问题
I just came across this issue when adding a multi-index to my pandas dataframe. I am using the pandas HDFStore with the option format='table', which I prefer because the saved data frame is easier to understand and load when not using pandas. (For details see this SO answer: Save pandas DataFrame using h5py for interoperabilty with other hdf5 readers .)
But I ran into a problem because I was setting the multi-index using drop=False when calling set_index, which keeps the index columns as dataframe columns. This was fine until I put the dataframe to the store using format='table'. Using format='fixed' worked fine. But format='table' gave me an error with duplicate column names. I avoided the error by dropping the redundant columns before putting and restoring the columns after getting.

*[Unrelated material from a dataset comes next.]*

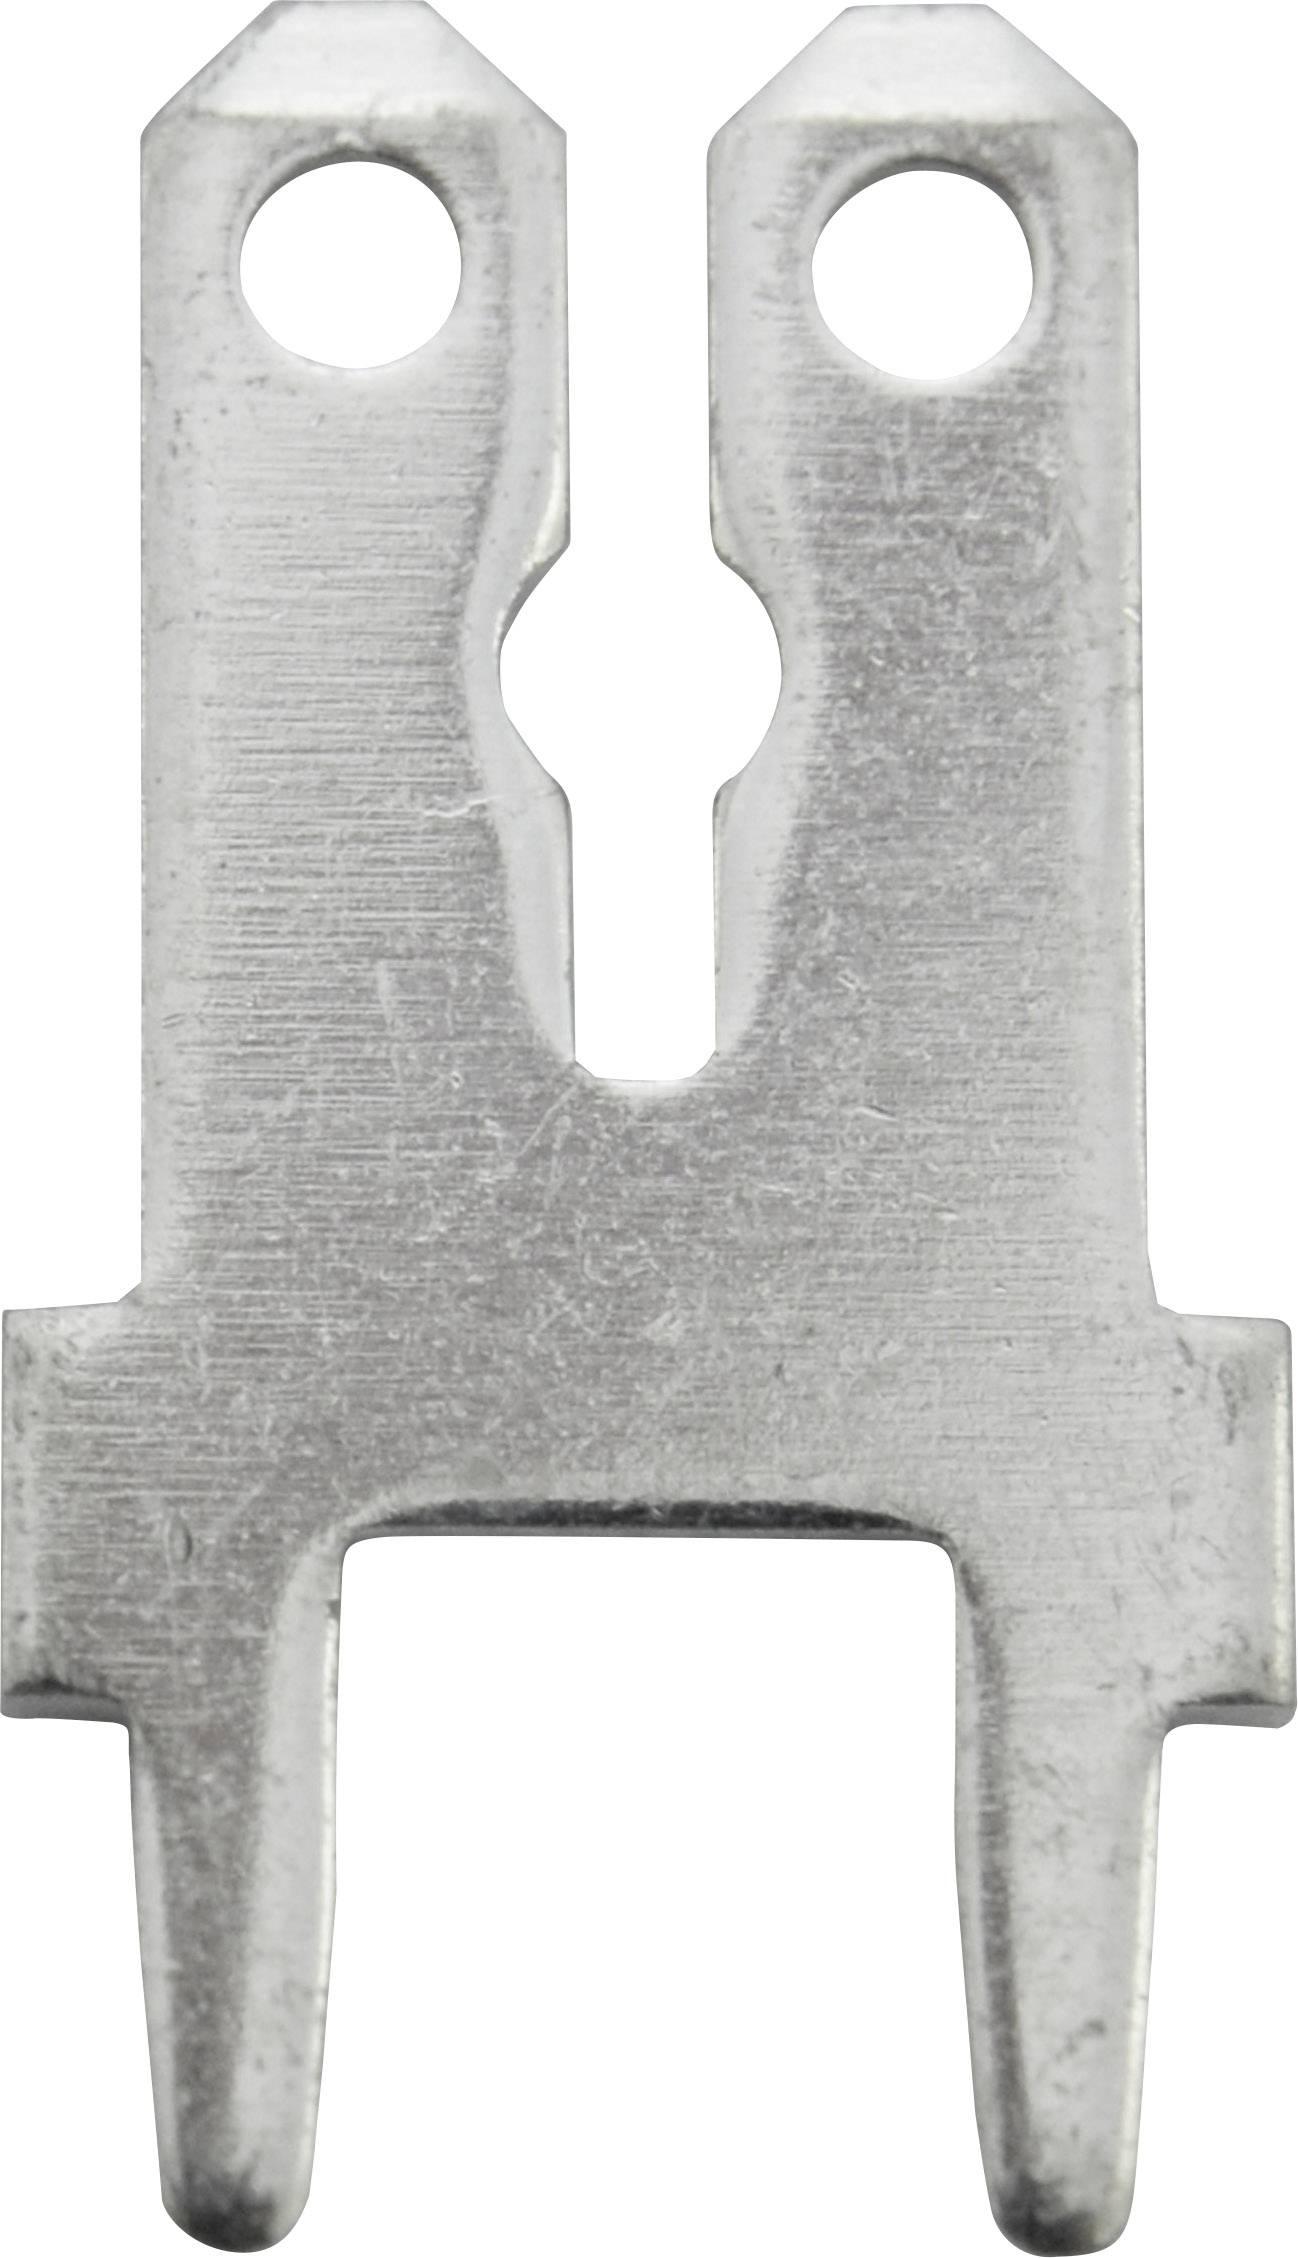 Jazýčkový konektor neizol. Vogt 3866C.68, 0,8 mm, 180 °, 5 mm, kov

Here is the write/read pair of functions that I now use:
def write_df_without_index_columns(store, name, df):
if isinstance(df.index, pd.MultiIndex):
# drop any columns that are duplicates of index columns
redundant_columns = set(df.index.names).intersection(set(df.columns))
if redundant_columns:
df = df.copy(deep=True)
df.drop(list(redundant_columns), axis=1, inplace=True)
store.put(name, df,
format='table',
data_columns=True)
def read_df_add_index_columns(store, name, default_value):
df = store.get(name)
if isinstance(df.index, pd.MultiIndex):
# remember the MultiIndex column names
index_columns = df.index.names
# put the MultiIndex columns into the data frame
df.reset_index(drop=False, inplace=True)
# now put the MultiIndex columns back into the index
df.set_index(index_columns, drop=False, inplace=True)
return df
My question: is there a better way to do this? I expect to have a data frame with millions of rows, so I do not want this to be too inefficient.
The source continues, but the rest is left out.